En ce qui concerne les lignes secondaires, appelées capillaires, les unes destinées au transport de voyageurs, comme la ligne Nantes-Bordeaux, et les autres essentiellement destinées à la desserte des céréaliers et des carrières, il est exact qu'elles sont en mauvais état et qu'elles ont donc besoin d'être renouvelées. Il convient par conséquent d'établir un tour de table de financement. Le Gouvernement vient d'annoncer que l'Agence de financement des infrastructures de transport de France (AFITF) va engager 30 millions d'euros à cet effet. Les contrats de plan État-région (CPER) prévoient en outre un certain nombre d'investissements destinés à ce réseau.

Pour ce qui est de la situation financière, la dette de SNCF Réseau est aujourd'hui de 37 milliards d'euros et augmente, grosso modo, de 2,5 à 3 milliards d'euros par an, rythme amené à ralentir à partir des années 2017-2018 pour une augmentation annuelle de 1 à 1,5 milliard d'euros. Cette dette gonfle pour une raison très simple : les investissements ne sont pas financés, ni par des recettes commerciales ni par des subventions – ou du moins à un niveau très insuffisant.

Comment interrompre la croissance de la dette, comme le prévoit la loi, pour l'année 2025 ? La première solution est la règle d'or. Il ne s'agit pas d'arrêter le développement – comme l'a bien rappelé M. Guillaume Pepy : la politique ferroviaire relève des pouvoirs publics et non d'un opérateur – mais de cesser de mettre la SNCF à contribution pour le financement des opérations de développement – soit l'équivalent de la moitié de la croissance de la dette. La deuxième solution, vous l'avez tous souligné, revient à réaliser 500 millions d'euros de gains de productivité par tranche quinquennale. Pour la première tranche, 2015-2020, les 500 millions d'euros proviendront des effets de la fusion, d'une politique d'achats, d'une politique industrielle, d'une politique d'externalisation, qui étaient totalement impensables dans le contexte de la fracture SNCF-RFF.

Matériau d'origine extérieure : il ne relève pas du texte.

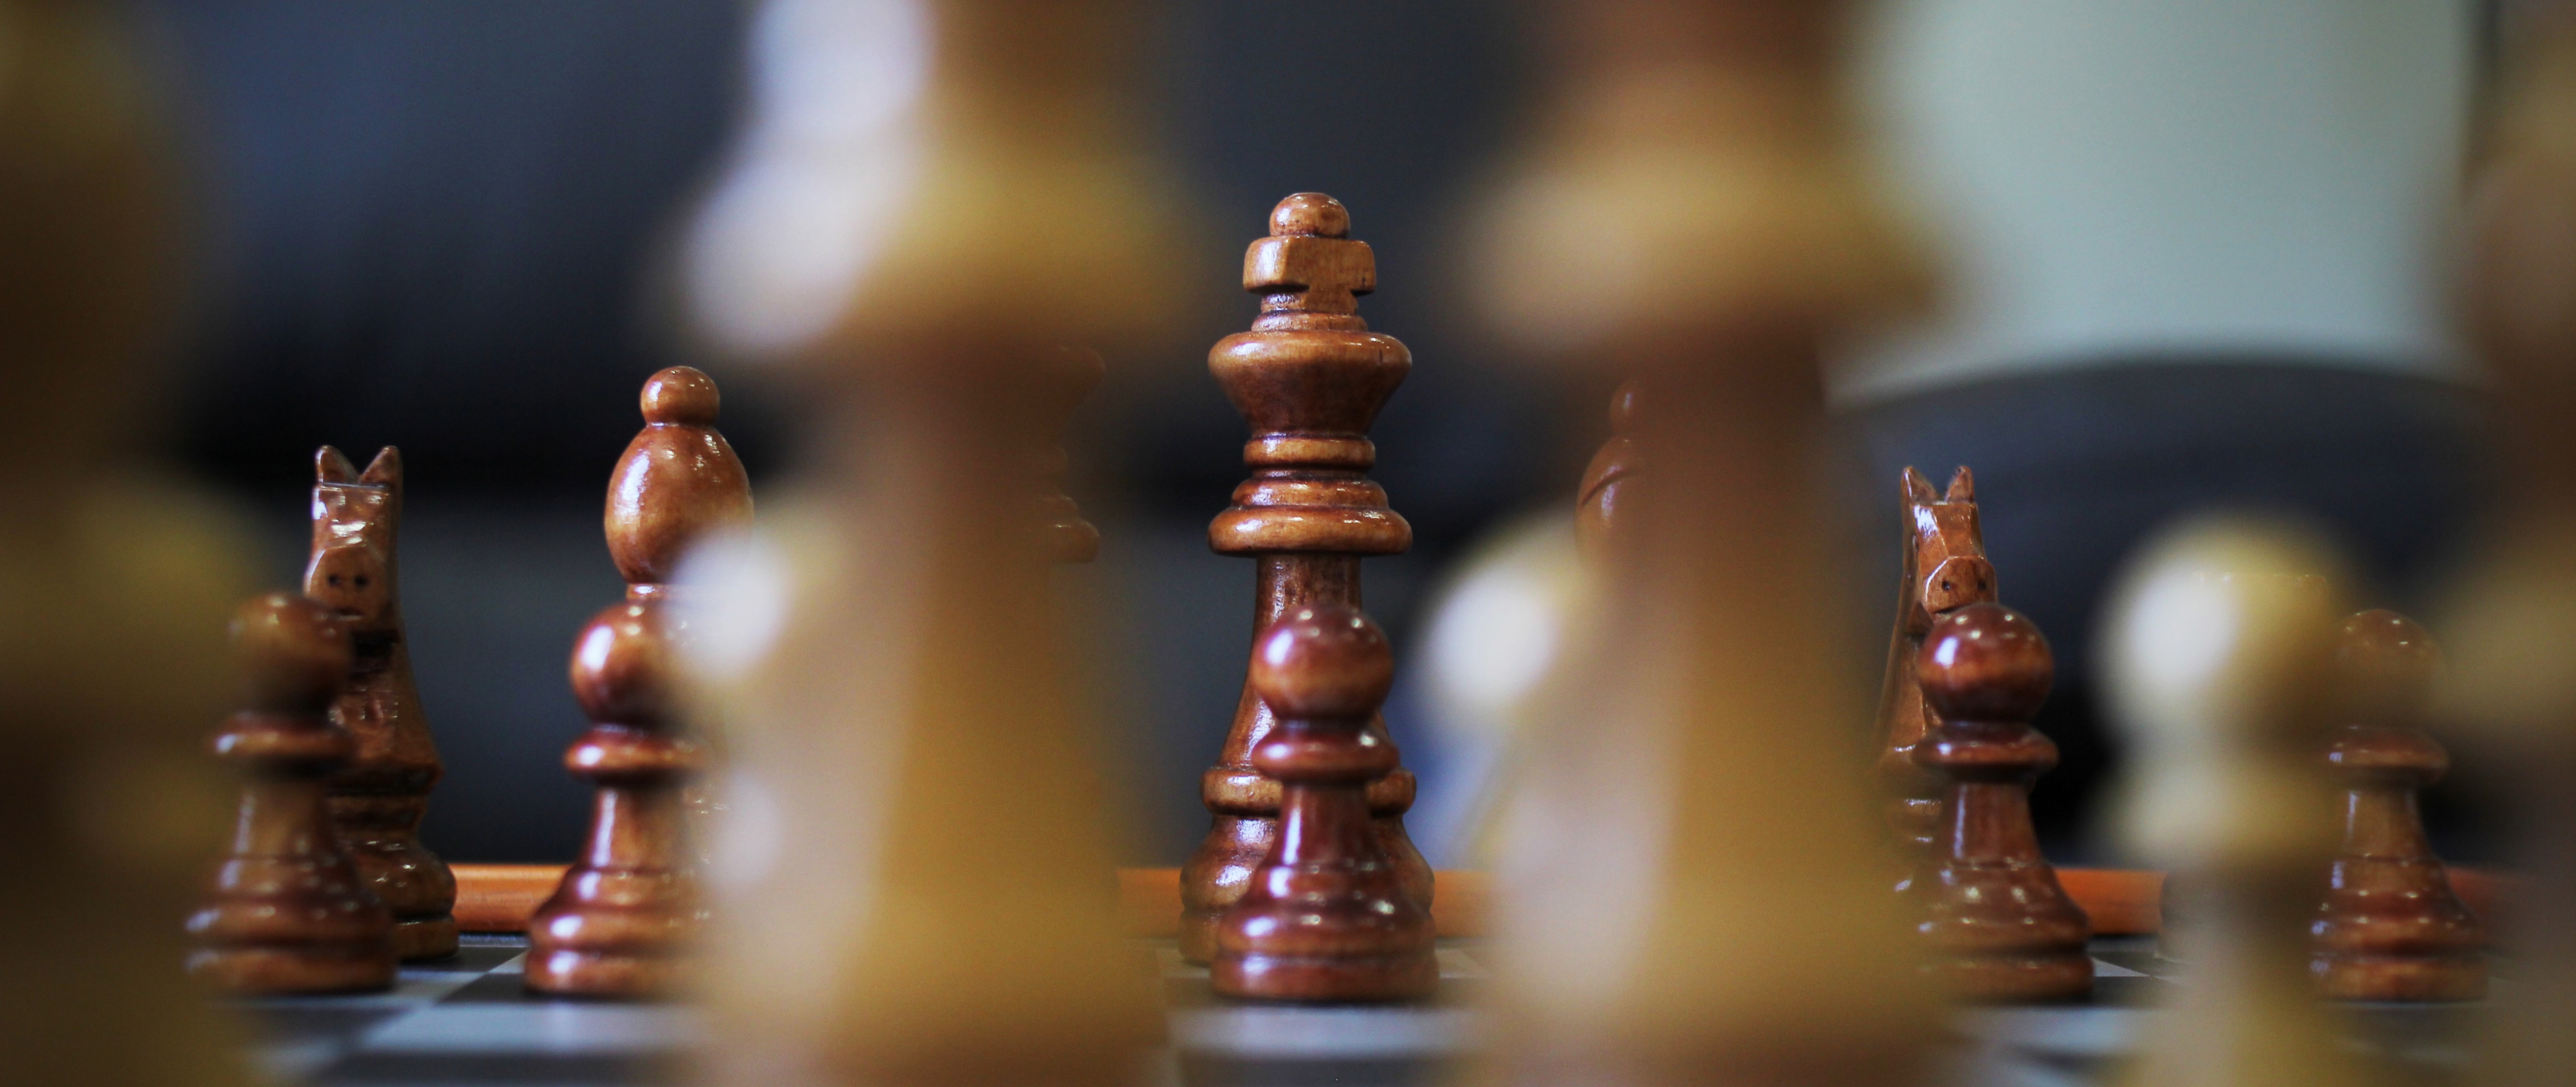 Chess Pieces Hd Wallpaper for Desktop and Mobiles 4K Ultra HD Wide TV ...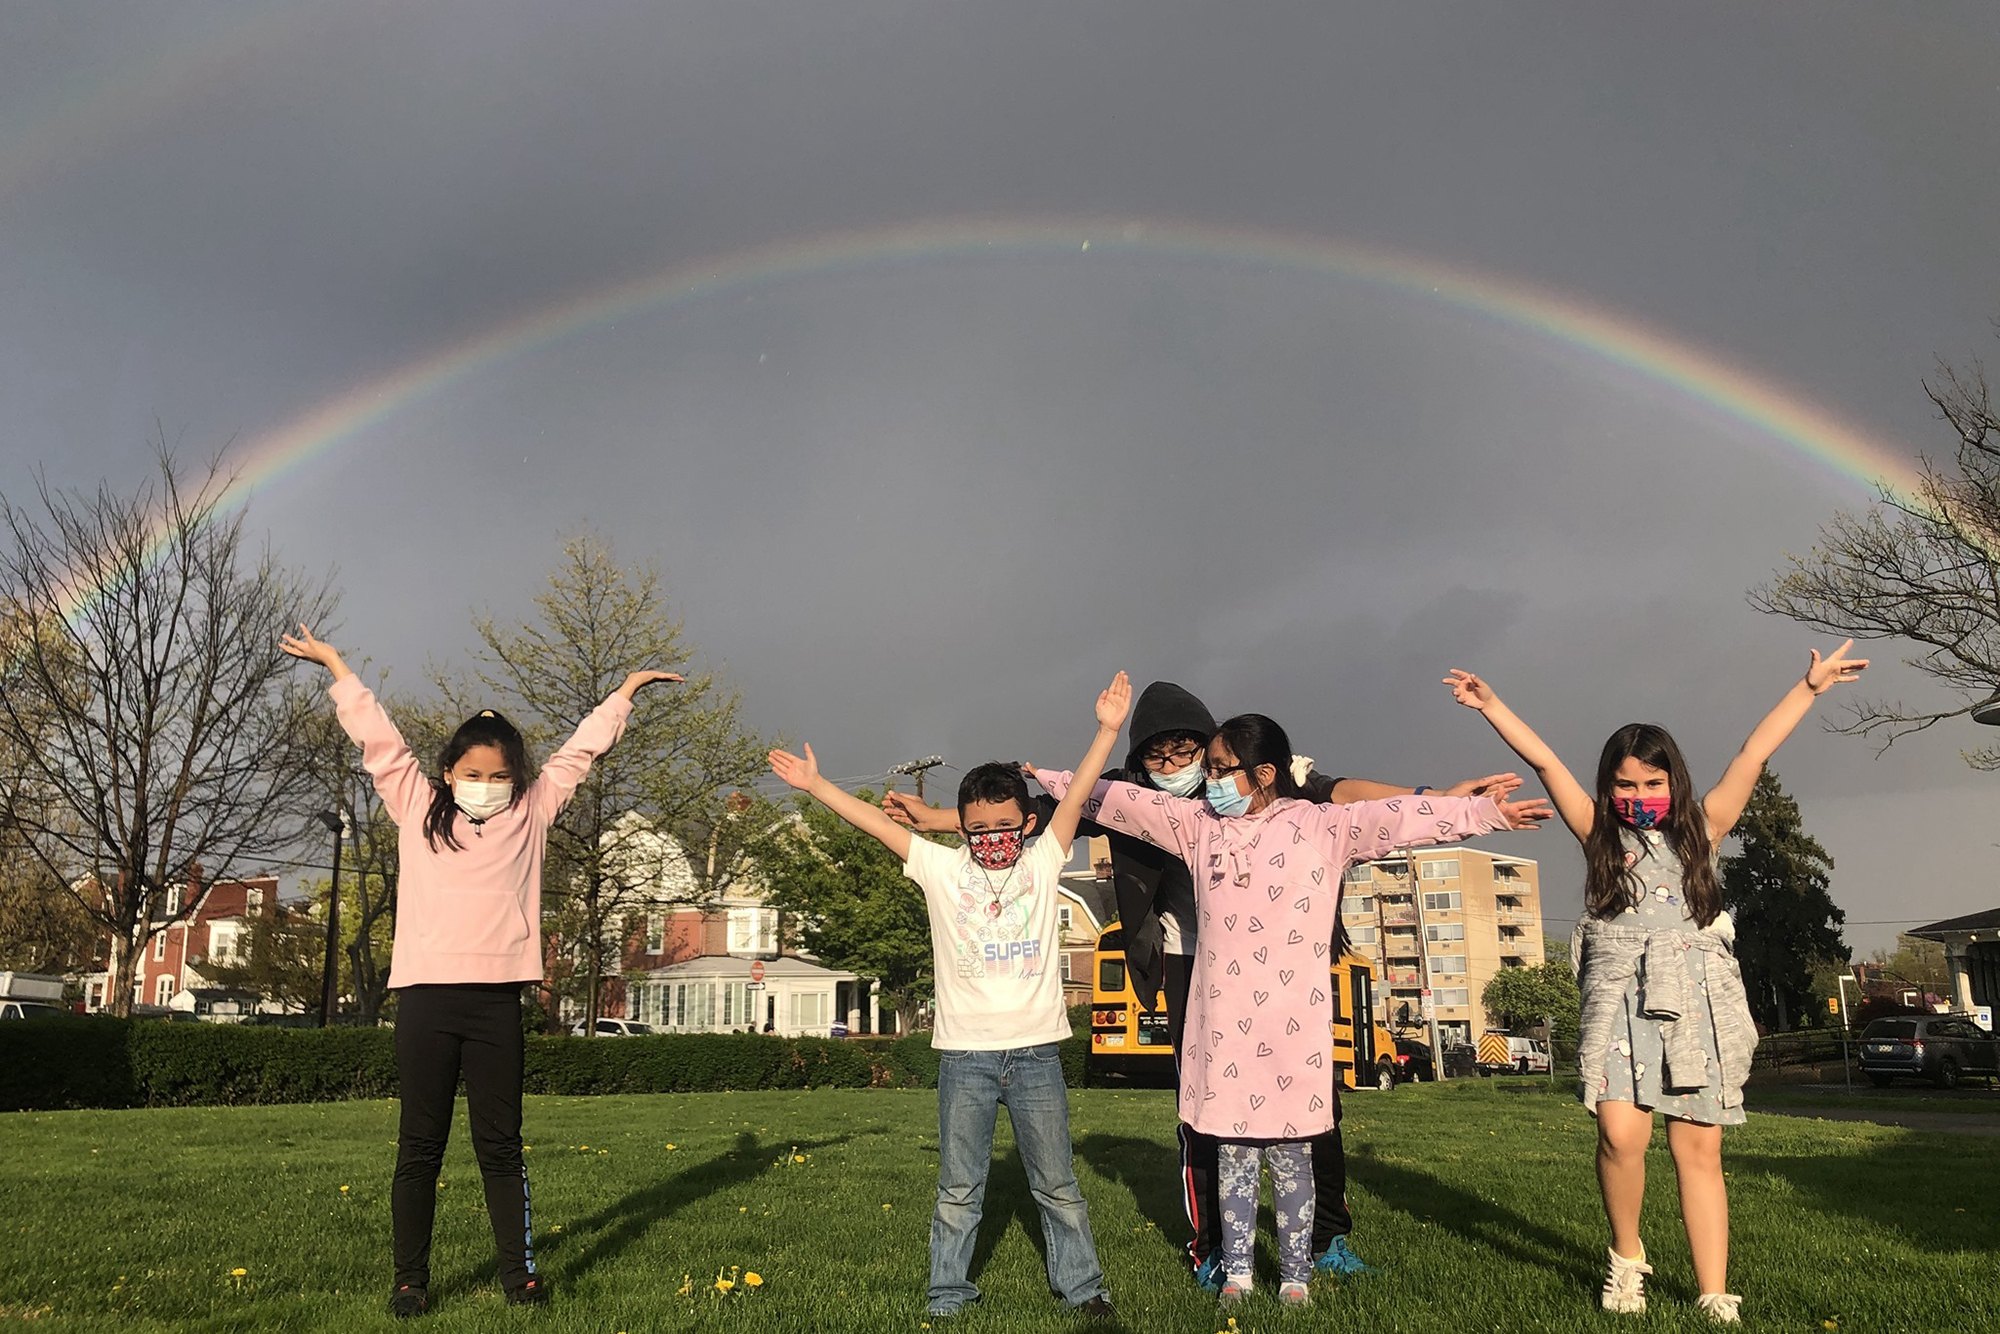 Children raising their hands with a rainbow in the background

À partir de 2020, pour la seconde tranche quinquennale, la remise à niveau du réseau nécessitera 1 milliard d'euros supplémentaire par an et devra permettre de diminuer les coûts de maintenance. En effet, nous dépensons plus en maintenance courante, à hauteur de 2 milliards d'euros par an, que les Allemands, pour 1,7 milliard d'euros, alors qu'ils investissent beaucoup plus que nous en renouvellement. Troisième point : nous supportons le poids des frais financiers. On estime à 2 milliards d'euros l'autofinancement pour les investissements, somme insuffisante et qui, si elle peut paraître néanmoins significative, doit être amputée de 1,5 milliard d'euros de frais financiers.

Avec ces trois éléments de réponse à la croissance de la dette, nous serons capables d'avoir un système équilibré dans la durée.